13. The system of claim 12, wherein the processor is further configured to receive perfusion parameters that include a minimum drainage efficiency threshold.
14. The system of claim 12, wherein the instructions, when executed by the processor, further cause the system to:
estimate drainage efficiency by solving a least-squares regression with exponential forgetting to adaptively update the efficiency estimate over time.
15. The system of claim 12, wherein the instructions, when executed by the processor, further cause the system to:
identify a drainage efficiency model by fitting a state-space representation of drainage efficiency dynamics to experimental or operational data.
16. The system of claim 15, wherein the state-space model includes an occlusion-related state variable governed by a linear differential equation with constant parameters.
17. The system of claim 12, wherein the instructions, when executed by the processor, further cause the system to evaluate a safety barrier function that maintains drainage efficiency above the minimum drainage efficiency threshold.
18. The system of claim 12, wherein the instructions, when executed by the processor, further cause the system to assume an inflow pump rate equal to a desired inflow rate;
compute an unconstrained outflow pump command;
determine whether the unconstrained pump commands satisfy the safety barrier function; and
when the unconstrained pump commands violate the safety barrier function, compute constrained pump commands that maintain safety.
19. The system of claim 12, wherein the weight sensor is a load cell disposed beneath the reservoir to measure reservoir volume.
20. The system of claim 12, wherein the flow-rate sensor is coupled to the inflow pump to measure inflow data.

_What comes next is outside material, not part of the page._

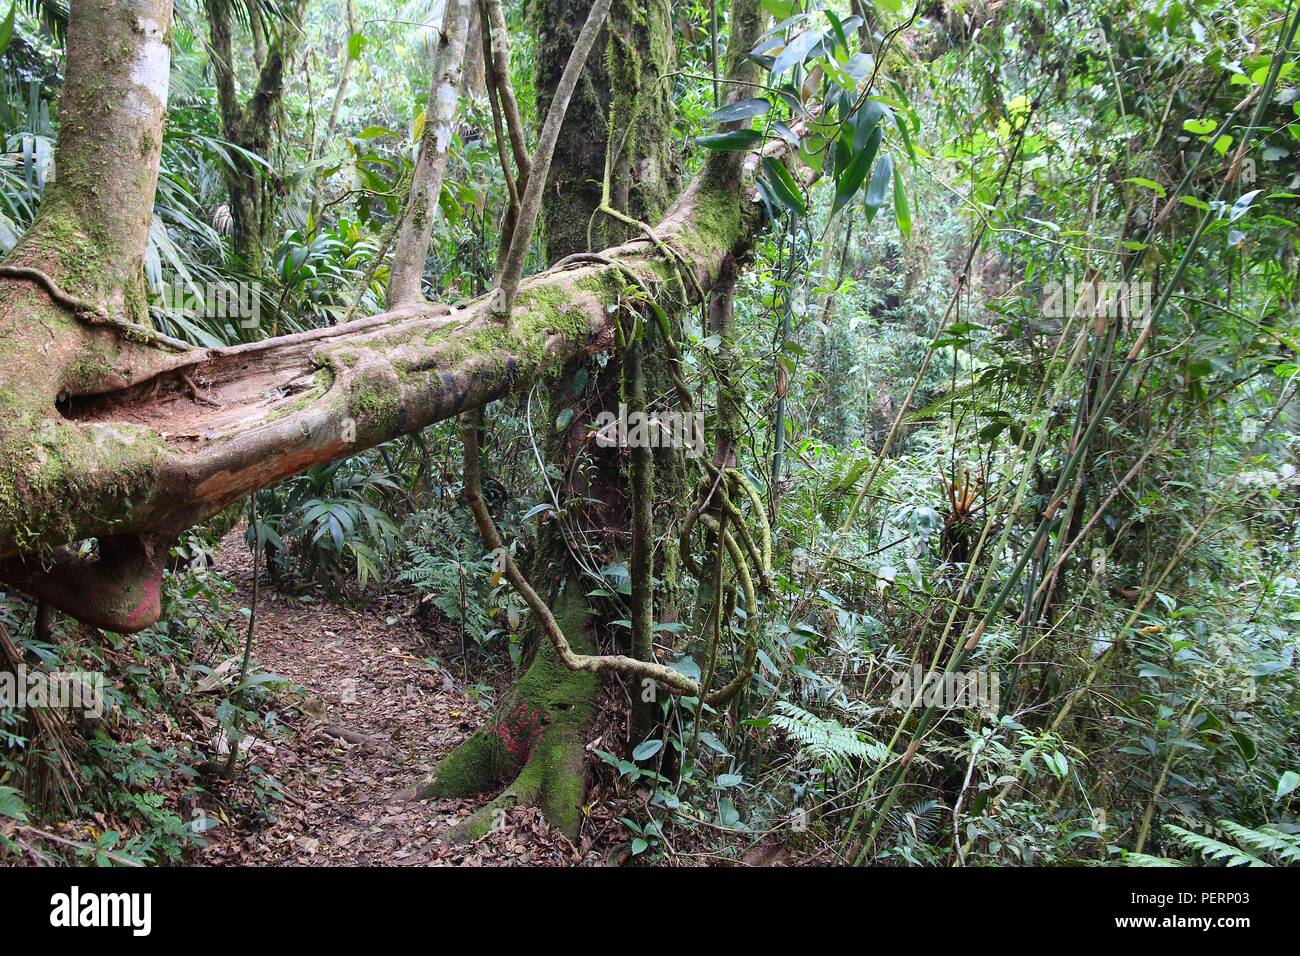 Brasile - jungle sentiero escursionistico a Mata Atlantica (foresta pluviale atlantica biome) nella Serra dos Orgaos National Park (stato di Rio de Janeiro). Foto Stock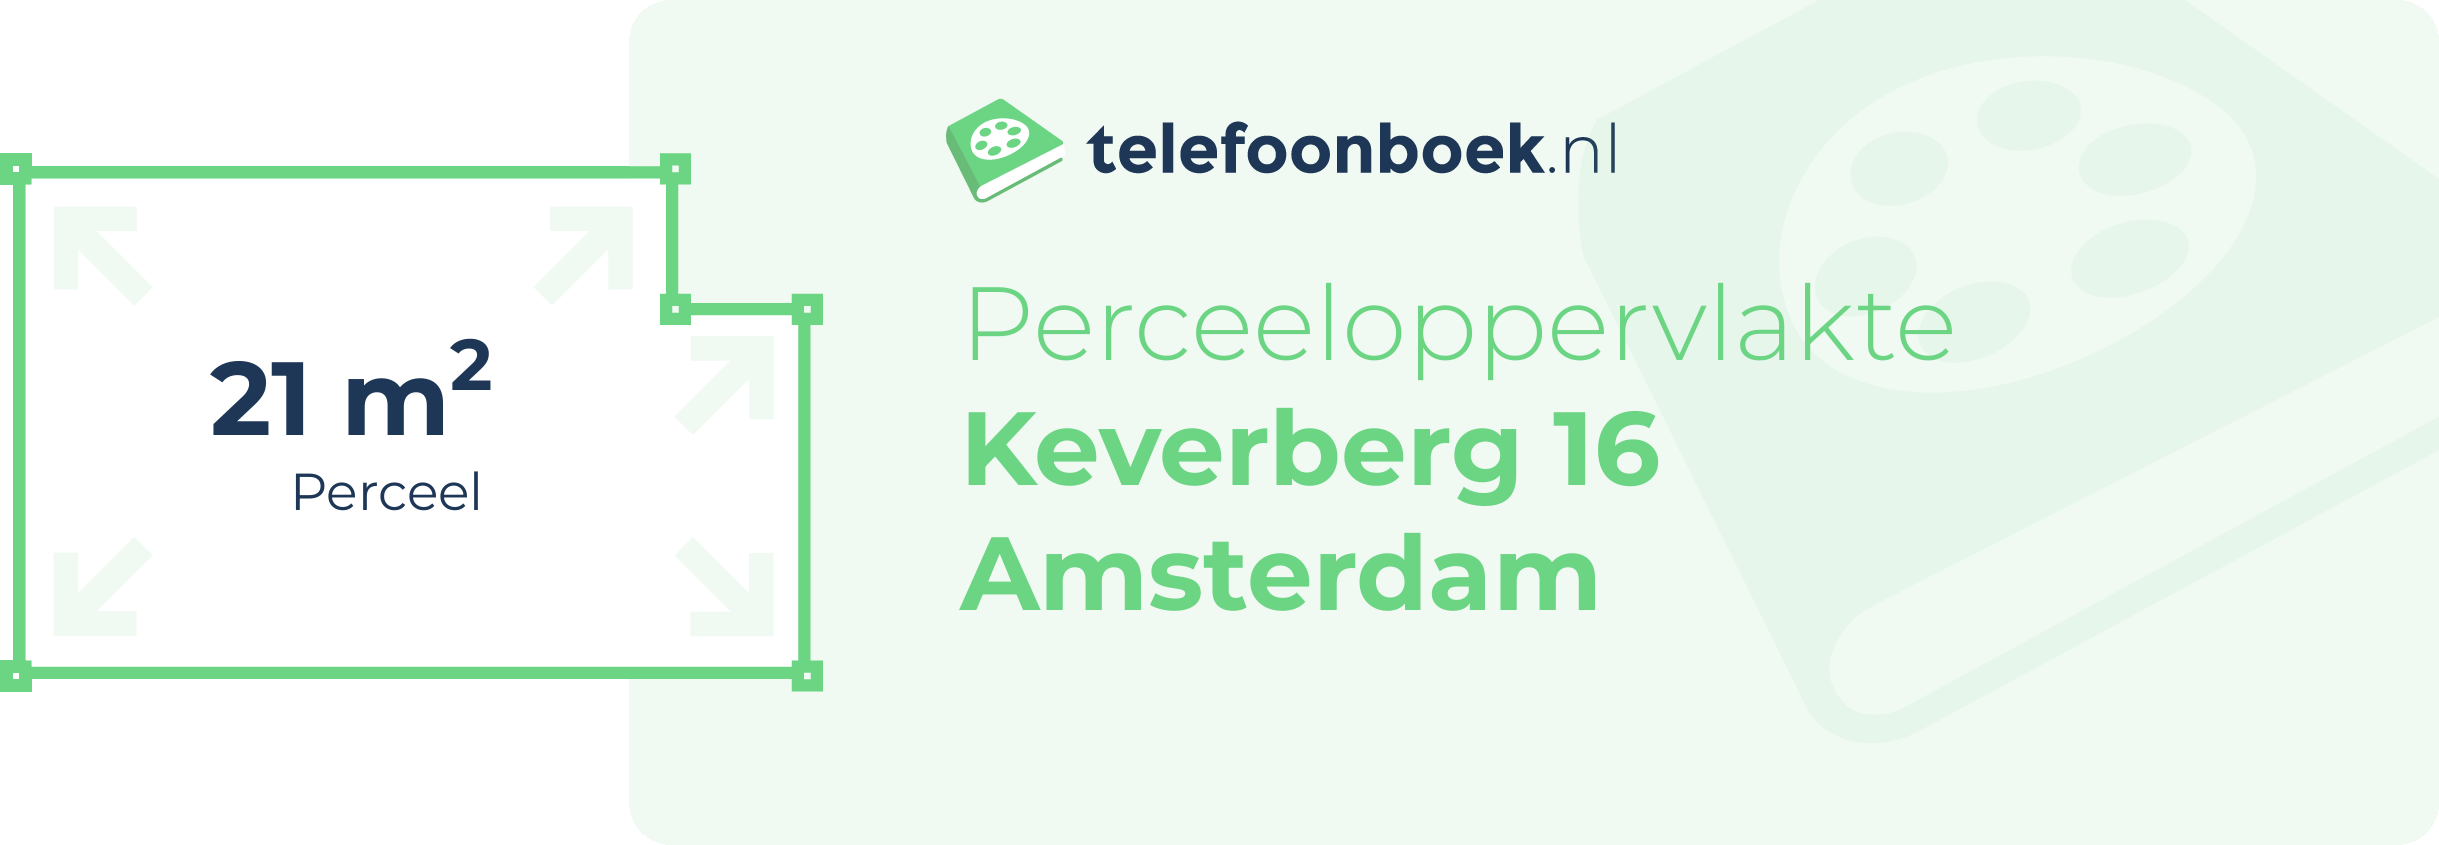 Perceeloppervlakte Keverberg 16 Amsterdam

21. The system of claim 12, wherein the pressure sensor is disposed along a return line of the outflow pump to measure outflow data.
22. The system of claim 12, wherein the peritoneal perfusion system is a hyperthermic intraperitoneal chemotherapy (HIPEC) system and the peritoneal perfusion system is configured for use during a HIPEC procedure.
23. A non-transitory computer-readable medium storing instructions that, when executed by at least one processor, cause a system for automated peritoneal perfusion to:
receive perfusion parameters, the perfusion parameters including at least a predefined intra-abdominal volume and a predefined inflow rate;
circulate a perfusate between a reservoir and a cavity of a subject using an inflow pump and an outflow pump;
measure a reservoir volume using a weight sensor positioned beneath the reservoir;
generate inflow data using a flow-rate sensor coupled to the inflow pump;
access a commanded outflow rate from the outflow pump;
estimate a drainage efficiency of the outflow pump based on at least the reservoir volume, the inflow rate, and the commanded outflow rate;
identify a drainage efficiency model from experimental or operational data to represent efficiency dynamics; and
apply a perfusion safety control routine that evaluates a safety barrier function based on the drainage efficiency model and adjusts circulation of perfusate between the inflow pump and the outflow pump based on the evaluated safety barrier function.